İnsanların bir çok markayı bir arada bulabilecekleri alışveriş alanları olarak tasarlanan alışveriş merkezleri zamanla içerisine yiyecek içecek ve oyun alanlarını da alarak ismini alışveriş ve yaşam merkezi olarak değiştirdi. 2014 yılında yapılan araştırmayla Türkiye’de şuan 342 adet AVM olduğu tespit edilmiş. Her geçen günde açılmaya devam ediyor. Konya’da bu furyadan nasibini alan şehirler arasında. Üç büyük AVM’sinin yanında yeni açılacak olan iki adet alışveriş ve yaşam merkeziyle Konya’daki sayı da beşe ulaşıyor. Tabi ufak çaplı olanları ve yapılması planlananları saymazsak. Kısaca artık bu sektörde de rekabet hızla artıyor. Tüketicilerin seçimleri çeşitleniyor, alternatifler artıyor. Konya bu çeşitliliği kaldırır mı bilinmez ama ciddi bir rekabet ortamının oluşacağı kesin.

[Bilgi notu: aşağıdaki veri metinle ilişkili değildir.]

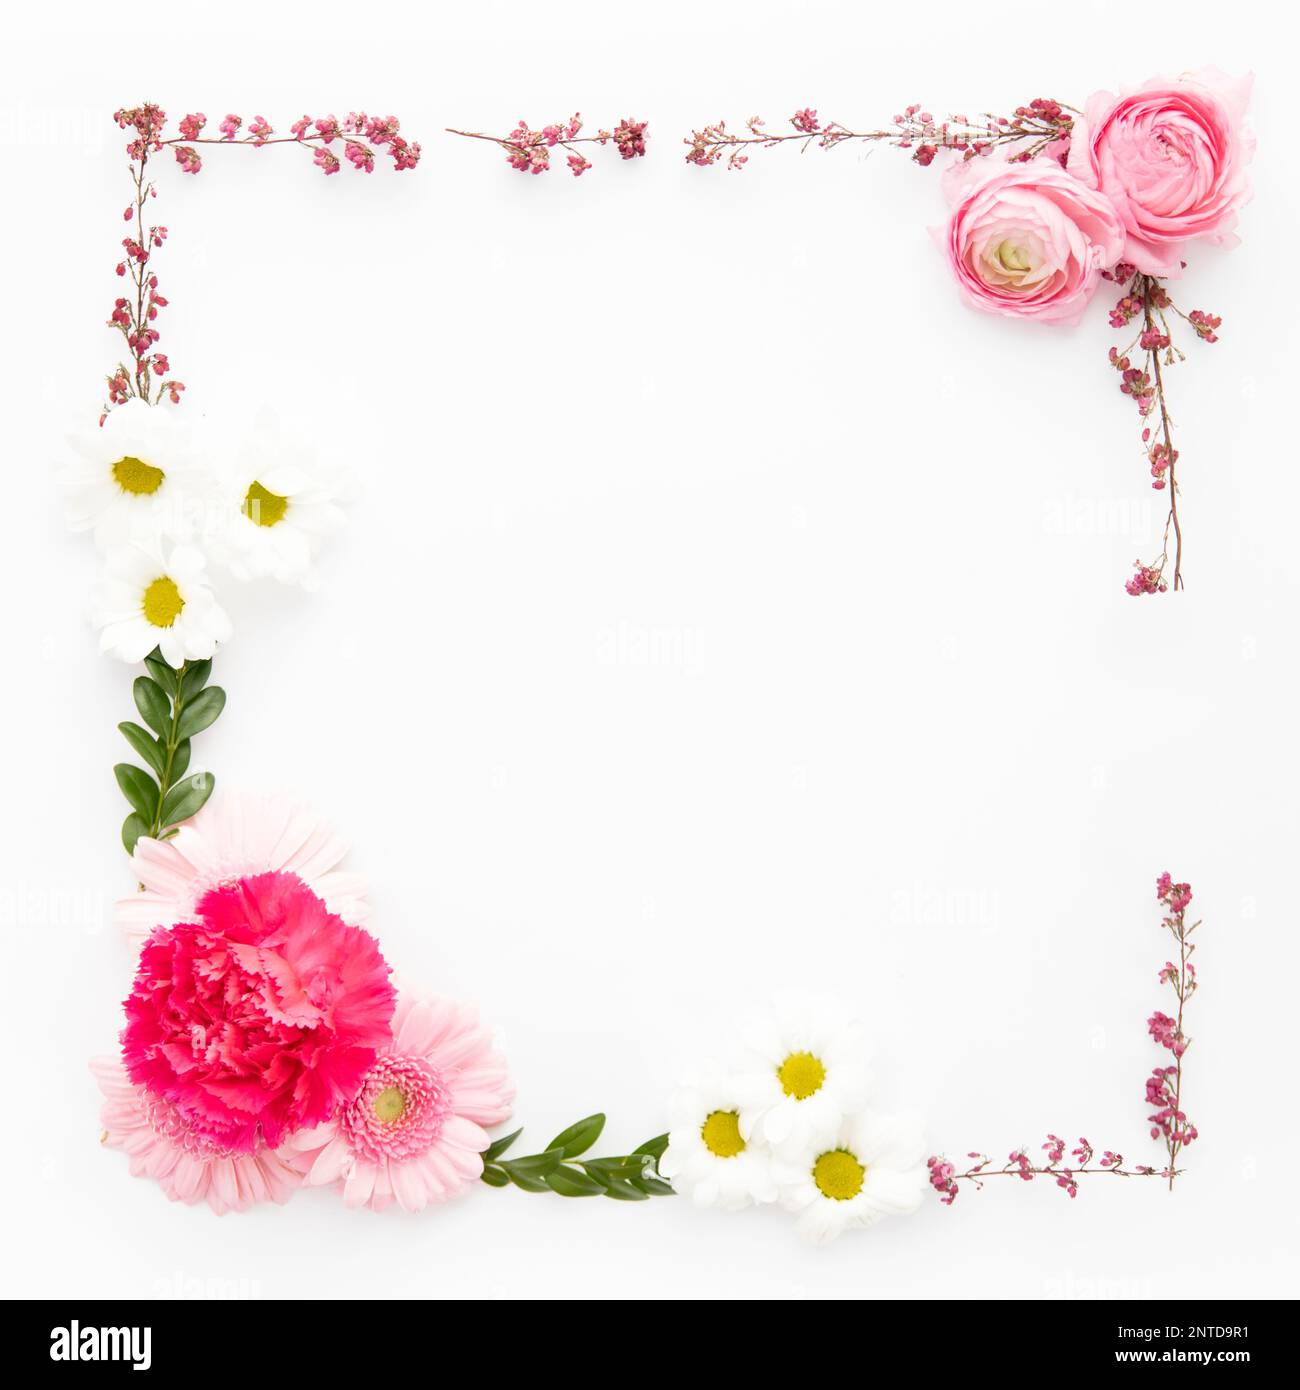 bordure de fleurs variées. Belle photo Banque D'Images

Şuan özellikle lokasyon bazlı olarak AVM’ler müşteri gruplarını paylaşmış durumda. Özellikle şehir merkezinde yer alanlar konumlarından dolayı avantajlı olduklarını düşünerek pazarlama miyopluğuna düşmüş bile. AVM içerisindeki marka çeşitliliği, yemek alanları, sinema gibi faktörler mutlaka ki tercih sebebi olabiliyor. Konum olarak rahat ulaşılır bir yerde olmak da önemli bir rekabet avantajı olabilir. Fakat unutulan bir şey var ki susan değil konuşan kazanır. Artık tüketiciler tercih edeceği yerin konumunu çok önemsemiyor, hangisinde kendini daha mutlu hissediyorsa orayı tercih ediyor. Özellikle Konya’nın üç büyük AVM’sini kıyasladığınızda içerideki marka çeşitliliği hemen hemen hepsinde aynı. Bazı markalar ile Kent Plaza değişiklik yaptığını söylesek de Konya halkının satın alım davranışı ile karşılaştırdığınızda büyük farkların olmadığı görülüyor. Her AVM aynı markalarla, aynı yemek alternatifleriyle tüketicilere hizmet sunuyor. Alışveriş olarak tamam çeşitlilik çok iyi fakat yaşam olarak ne var. İçerideki birkaç oyun alanı dışında insanlara yaşamın içerisini dolduracak ne sunuluyor. Yılın bazı dönemlerinde klişenin ötesine gitmeyen imza günleri, sergiler yaşamın kıyısından geçiyor. Konya gibi sosyal hayatın sınırlı olduğu ve insanların can sıkıntısını atmak için AVM’lere akın ettiği bir şehirde bu alanların içerisinde yaşam adına bu kadar kısır işlerin yapılması gerçekten çok şaşırtıcı. Konya AVM’leri de sanayisi gibi günü kurtarıyor. Nasılsa müşteri gelecek diyor. Fakat yeni açılan AVM’lerle birlikte İstanbul AVM işletmecileri Konya’ya gelmeye başlıyor. Yani rekabet biraz daha anlam kazanmaya başladı diyebiliriz. Şimdi nasılsa bizim konumuzu iyi, Konyalı başka yere gitmez diyerek yıllardır sıkıcı alışveriş deneyimini tüketiciye sunan yönetimler panik içerisine düşeceği kesin. Tabi bu krizle baş edebilecek planları varsa en az zararla çıkabilir.
Konya AVM sektörü iletişim olarak da kısır bir sektör. Ancak çekilişle araba verdikleri zaman tüketici akıllarına geliyor. Oysa AVM’ler yılın her döneminde müşteri çağırması gereken alanlar. Bunun için öncelikle yaşam kelimesinin içini doldurarak bunu iletişime dökmeleri gerekiyor. AVM’lerin en büyük rekabet silahı ise etkinlik pazarlaması (event marketing). Gün içerisinde çeşitli sürprizlerle insanları eğlendiren, şaşırtan, sürekli bir rutinde yapılmayan etkinlikler emin olun ki alışveriş ve yaşam merkezlerinin gerçek anlamını bulmasına katkı sağlayacak. Siz insanlara sadece alışveriş deneyimi sunar, tek amacınız insanların cebindeki parayı almak olursa yarın gerçek AVM kültürünü bilen bir rakip gelir sizi duman eder gider. Her alanda olduğu gibi burada da iletişim kuran ve müşteriyi davet etmesini bilen ve içeride hizmet verdiği kategorinin deneyimini sunan kazanır. İster şehrin göbeğinde olun ister şehrin bir ucunda iletişimden yoksunsanız yok olmaya mahkumsunuz.